Он вскоре вернулся. Я вместе с ним прошел за кулисы.
— Вот, смотрите: вы будете стоять около экрана так, как сейчас… Вас не должно быть видно. Говорите громко, так, чтобы вас было слышно аж на улице! На первом сеансе вы говорить не будете. Вы должны только посмотреть картину и понять, что там происходит…
Директор, оставив меня, исчез.
Киномеханик в кабине дал знак, что первый сеанс начинается. Кинозал был полон рабочих, мужчин и женщин. Все говорили о всеобщей забастовке.
Показывали как раз «Две сиротки»[30] Моретти, картину о Великой французской революции.
Народ был взбудоражен и воспламенен стачкой. Все головы были полны нетерпения и ожидания.
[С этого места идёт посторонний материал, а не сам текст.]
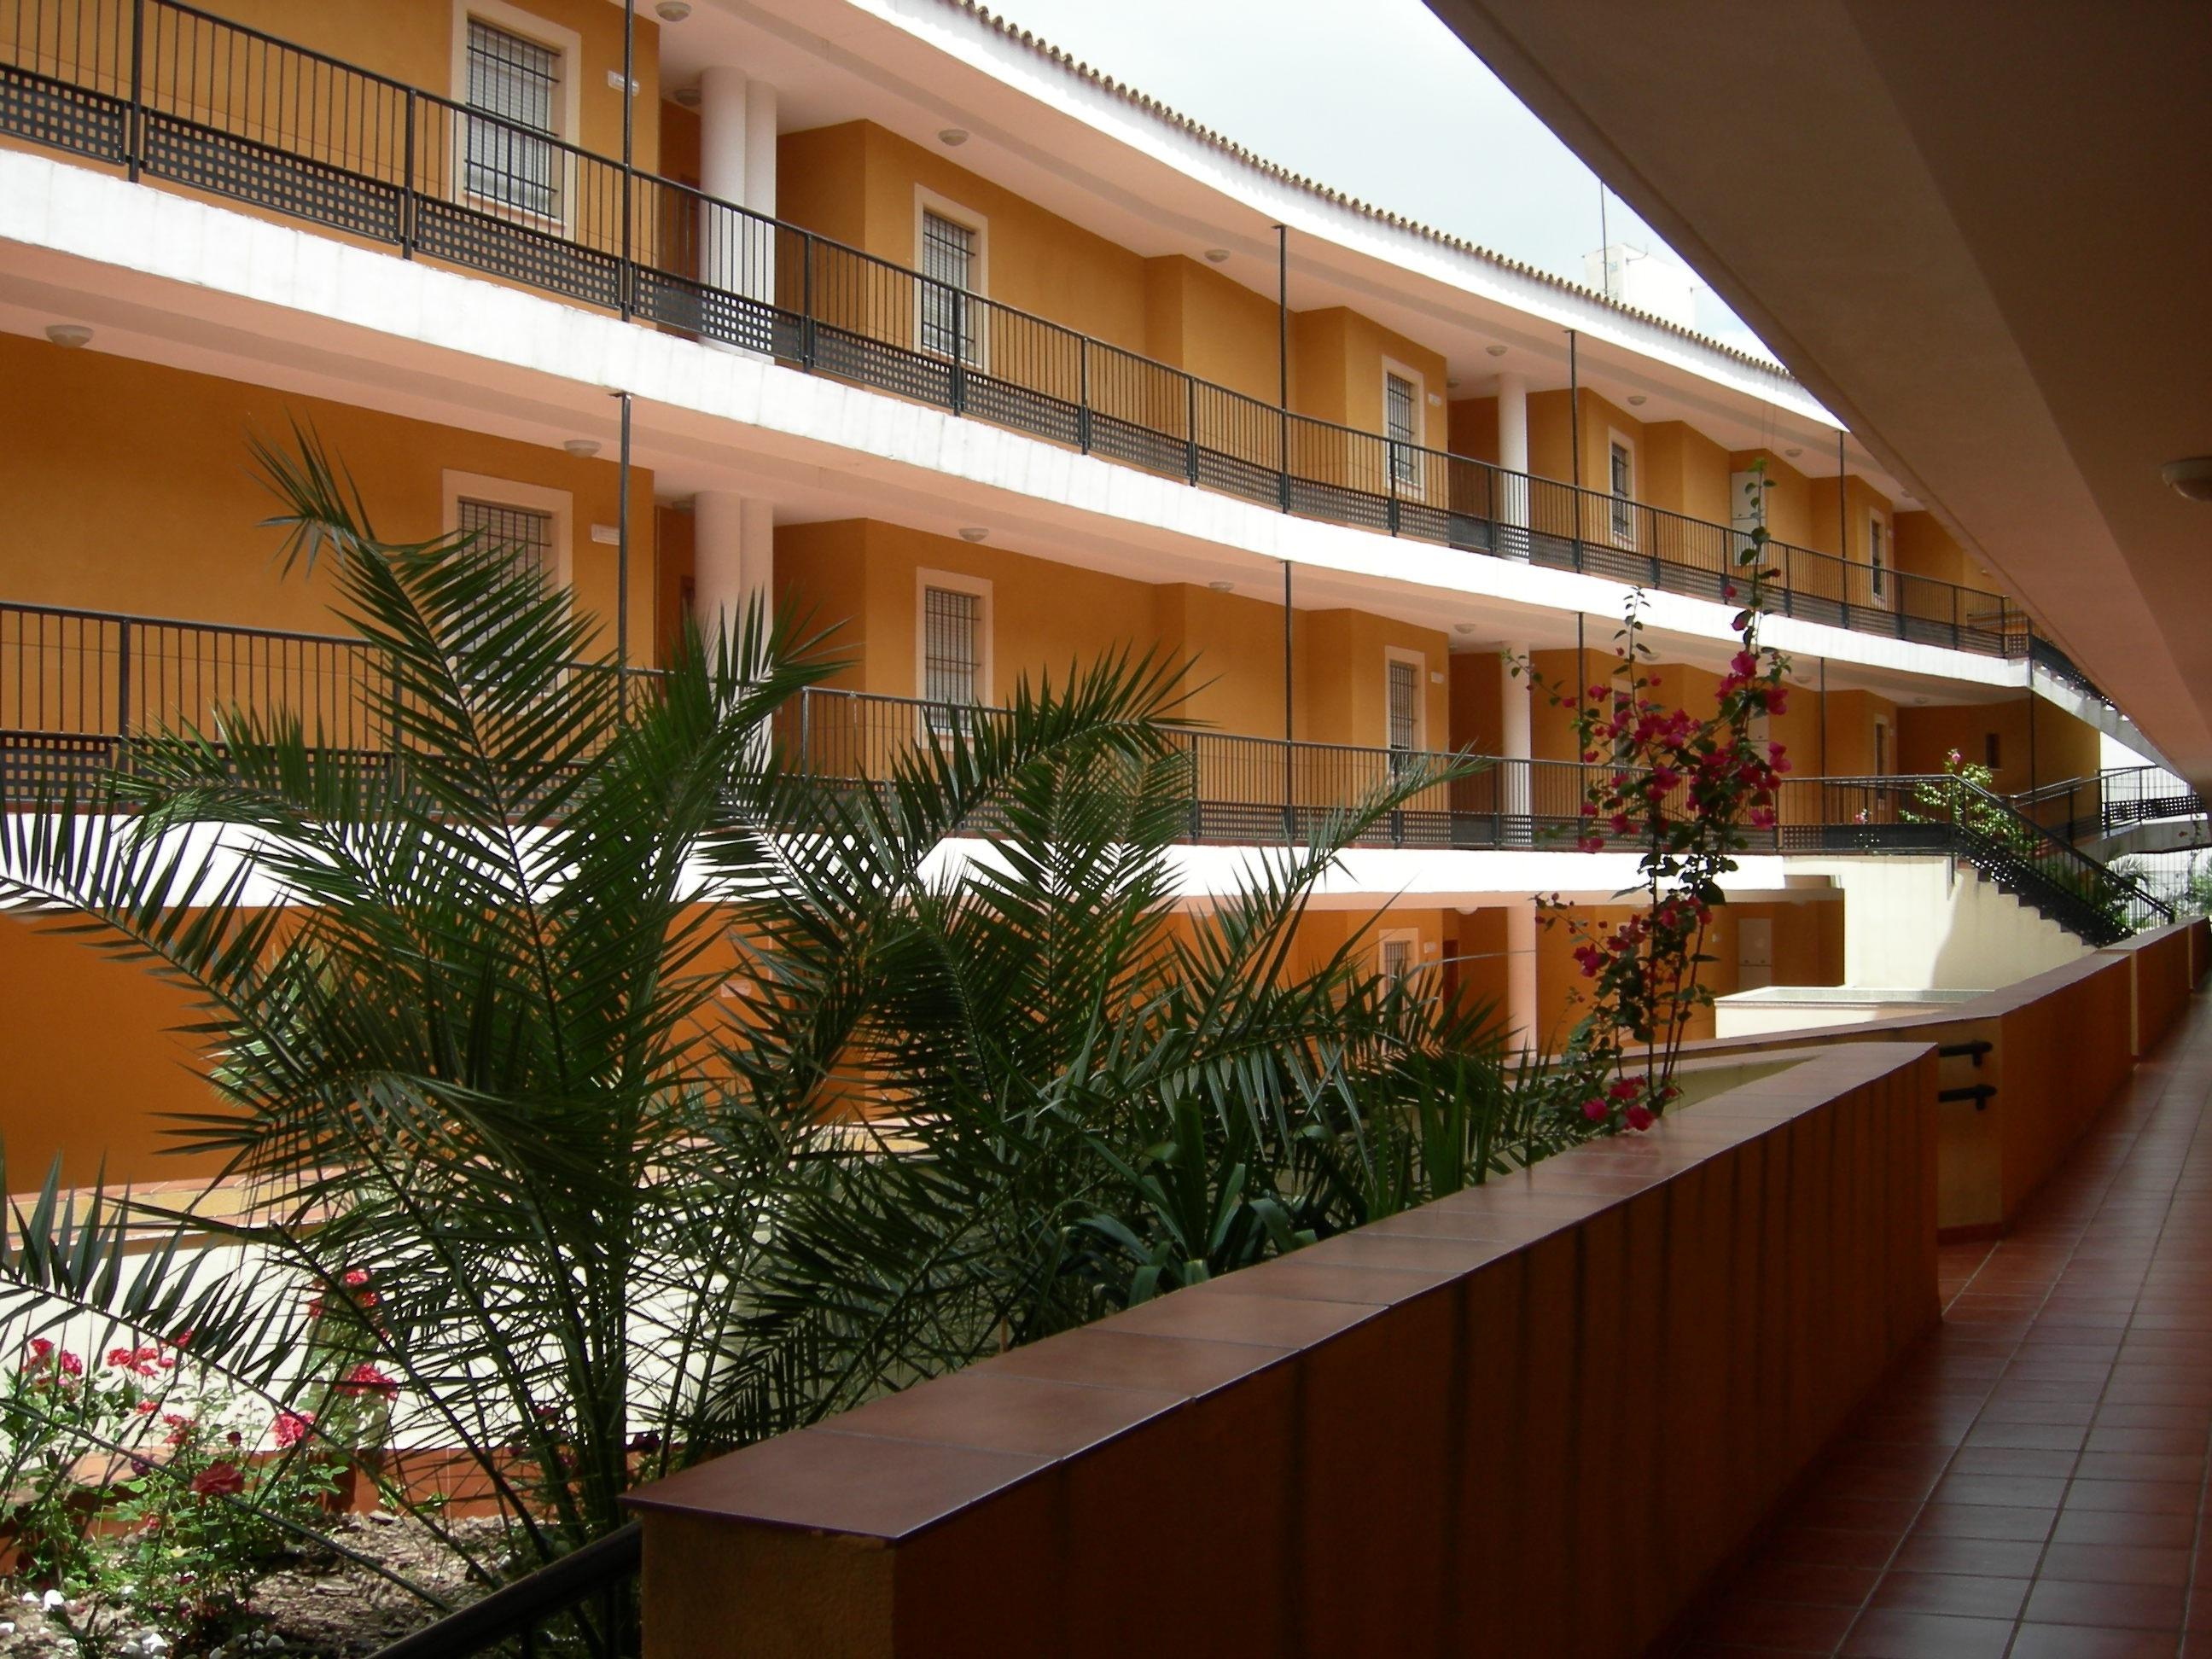 La Obra Social La Caixa oferta 65 viviendas en alquiler solidario de entre 85 y 150 euros al mes

В воздухе пахло митингом, демонстрацией, протестом и от тел рабочих — машинным маслом.
Первый сеанс закончился. Зал опустел и тут же снова наполнился под завязку — такими же измученными ткачами. Прежде чем второй сеанс начался, на эстраду поднялся директор и произнес «коротенькую» речь, раскланиваясь во все стороны с милой, приятной улыбкой.
— Почтеннейшая публика! — начал директор. — Дабы доставить удовольствие уважаемым гостям, я специально пригласил диктора, который будет объяснять фильмы. Я не жалел ни расходов, ни трудов, чтобы доставить в Лодзь, в мой кинотеатр «Венус», лучшего диктора. Партии, которой он прежде служил, я заплатил за него баснословную сумму отступных. Диктор, который сейчас продемонстрирует вам, дорогие гости, свой голос, уже вдохновлял митинги в сотни тысяч человек. Фашисты предлагали ему пойти к ним на службу, обещая платить по пять тысяч долларов в месяц. Коминтерн в Москве предлагал ему десять тысяч долларов. Да, господа, целых десять тысяч!..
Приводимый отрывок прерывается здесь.